At best, it risks overlooking the routine, ongoing experiences of the community most directly affected by Wednesday’s events. At worst, it callously misrepresents the members of that same community and lets civilians off the hook for the effects of wars waged in our name.
‘My Other Car Is a Tank’
Americans are accustomed to thinking of war as a literally foreign entity, something that takes place on a distant battlefield on the other side of the world. Decades of an all-volunteer military have enabled this fantasy. The wars in Iraq and Afghanistan represent a major commitment of national purpose and resources, but less than one percent of the U.S. population has served in them. For those who have, though — people at Fort Hood and places like it — war isn’t confined to one time and place. Instead it’s ongoing and ubiquitous, its effects finding their way into the most mundane and intimate aspects of life. In the process war becomes “normal,” but not necessarily any easier to live with.
I spent 12 months at and around Fort Hood in 2007 and 2008, living near the base and learning about the everyday lives of soldiers and those close to them in the midst of ongoing war. Fort Hood is one of the biggest military bases in the world. Its population of around 50,000 soldiers and tens of thousands more military family members, civilian workers and contractors, and retiree veterans demographically and economically dominates the city of Killeen and the other towns neighboring the post.
Motels and chain restaurants run off the constant traffic of a military kept busy by war. Used car dealers, pawnshops, and payday lenders thrive amidst a captive market of young soldiers. The bumper stickers you see on cars sitting in traffic announce that “Half My Heart Is In Iraq” or that “My Other Car Is A Tank”; they declare “Busting My Ass, Defending Yours” or indicate with a wordless configuration of blue stars on a white background that the driver’s family members are deployed. These slogans emphasize the mix of fierce purpose, wry self-awareness, and mild unease toward the broader civilian public that many people I met there shared. Bars, dry cleaners, and big box stores are all adorned with yellow ribbons, “Support the Troops” banners, and the insignia of the 1st Cavalry Division, 3rd Armored Cavalry Regiment, 13th Sustainment Command, and the other units that call the base home.
The base itself is massive, spread out across 150,000 acres mostly devoted to ranges and training areas. Its main built-up area features classically bland, modernist government architecture, like the campus of a giant, sleepy state university, but decorated here and there with decommissioned war machines, old tanks, and helicopters.
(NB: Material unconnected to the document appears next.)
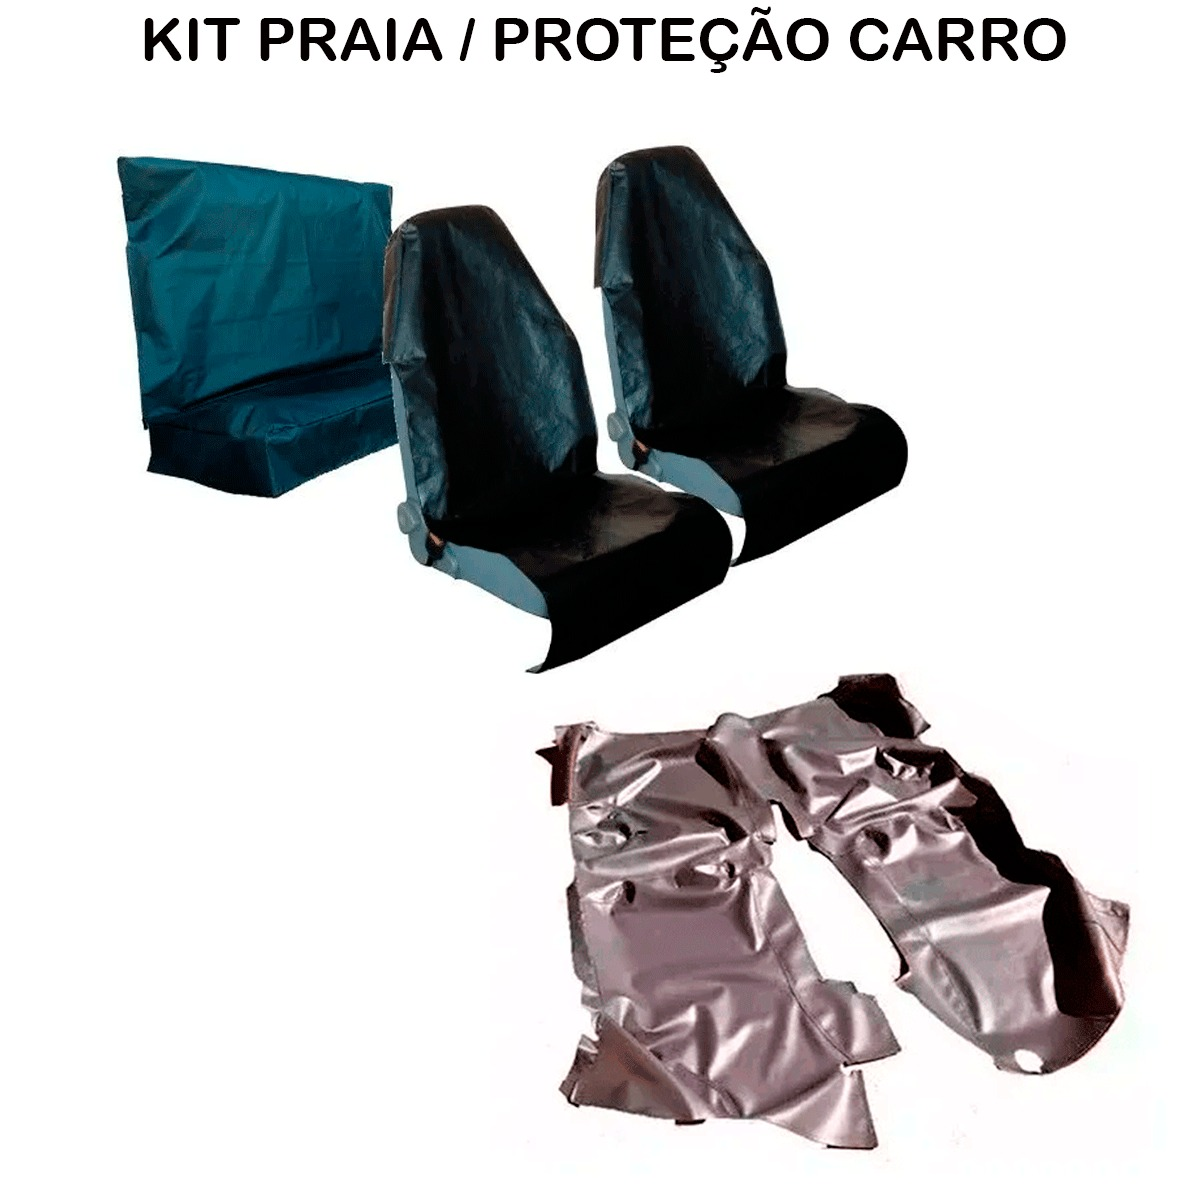 Tapete Em Vinil Chevrolet Agilie 2009 a 2019 + Capa Banco Protecao Banco Areia Suor Academia

But just a few blocks away stretches its famous “ten miles of tanks” — the world’s biggest concentration of armored military vehicles (when they are not dispersed across the Middle East) in the form of a nearly 10-miles-long row of chain-link pens full of Abrams tanks, Bradley and Stryker fighting vehicles, and Humvees. They are all painted a uniform desert tan, and look just as at home parked on arid central Texas asphalt and limestone as they do in the deserts of Iraq.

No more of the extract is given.